İnsan, alak haliyle/adıyla zikrediliyor alak suresinde. İnsan değil, beşer değil, halife değil. En küçük, en aciz haliyle. İlk karşılaşma bu. Tanışma. Rab ile kulun karşılıklı konumlandırılışı. Rab, Halık, Ekrem ve alak. Şefkatle, merhametle terbiye eden; hiç yoktan yaratan, sevgiyle vareden; veren, ikram eden cömertçe. Şefkate ve merhamete son derece muhtaç, küçük, aciz, yaratılışın ilk evresinde, gelişiminin başlangıcında, fakr u zaruret içre. Yaradan ve yaratılan böyle konumlandırılıyor. Sevgi ve şefkat üzerinden kuruluyor bağ.
Alaktan insan olmaya giden yol okumak-yazmaktan yani ilimden geçiyor. İnsan olmanın yol haritası çiziliyor, alak suresinde. İlk beş ayette iki kez oku emri ve kalem zikrediliyor. Kalem, ilmi sembolize ediyor olabilir.
İnsan, kendisini, eşyayı, olayları, kainatı, olanı okuyarak; nefsini ve Rabbini tanıyarak; ilimle yol alarak, aczini ve fakrını hissederek kul olacak. Rabbi ile arasındaki bağı kuvvetlendirerek Rabbine yaklaşacak.
Alak suresinde iki kul tipinden bahsediliyor. Namazda, hidayet üzre ve takvayı emreden. İkinci kul ise, namazı engelleyen, hakikati yalanlayan ve yüz çeviren. İstiğna halindeki kul tipi. Allah’a ihtiyacı olmayan, yeterliliğini ilan eden kul. İpleri koparan yani.
Surenin sonunda bir güç gösterisi söz konusu. Nasiyesinden tutulup, huzura getirilen kul ile Allah, karşılıklı güçler arasındaki dengesizlik üzerinden kendi gücünü gözler önüne seriyor. Başlangıçtaki sevgi ve şefkat bağı kula bağlı olarak güç üzerinden yeniden kuruluyor.
Secde et ve yaklaş denilerek başlangıçtaki sevgi ve şefkat bağı hatırlatılıyor ve kul oraya çağrılıyor.
Sure alakla başlayıp secde ile bitiyor.
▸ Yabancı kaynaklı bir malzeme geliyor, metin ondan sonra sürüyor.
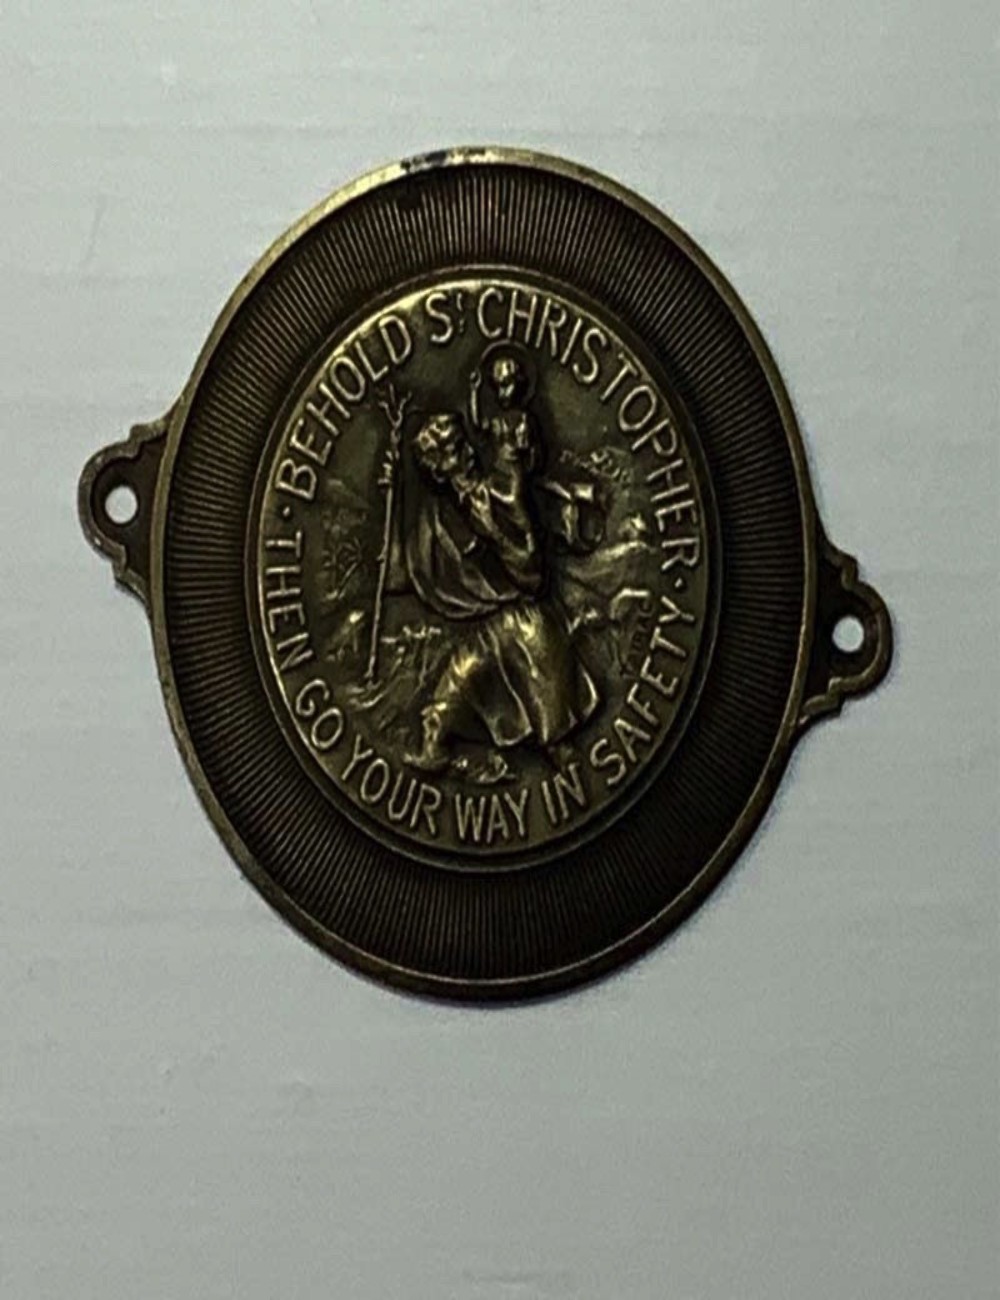 San Cristoforo plaque. Dimensions 6,6 cm x 5,3 cm

Birbirine en çok benzeyen iki şekli insanın. Aczini, fakrını dillendiren. Hiçliğini ifade eden. Başlangıçtaki gayri iradi iken sondaki iradi bir acziyet ilanı olmuş oluyor.
İlim ilim bilmektir / ilim kendin bilmektir
Sen kendin bilmezsin / Bu nice okumaktır.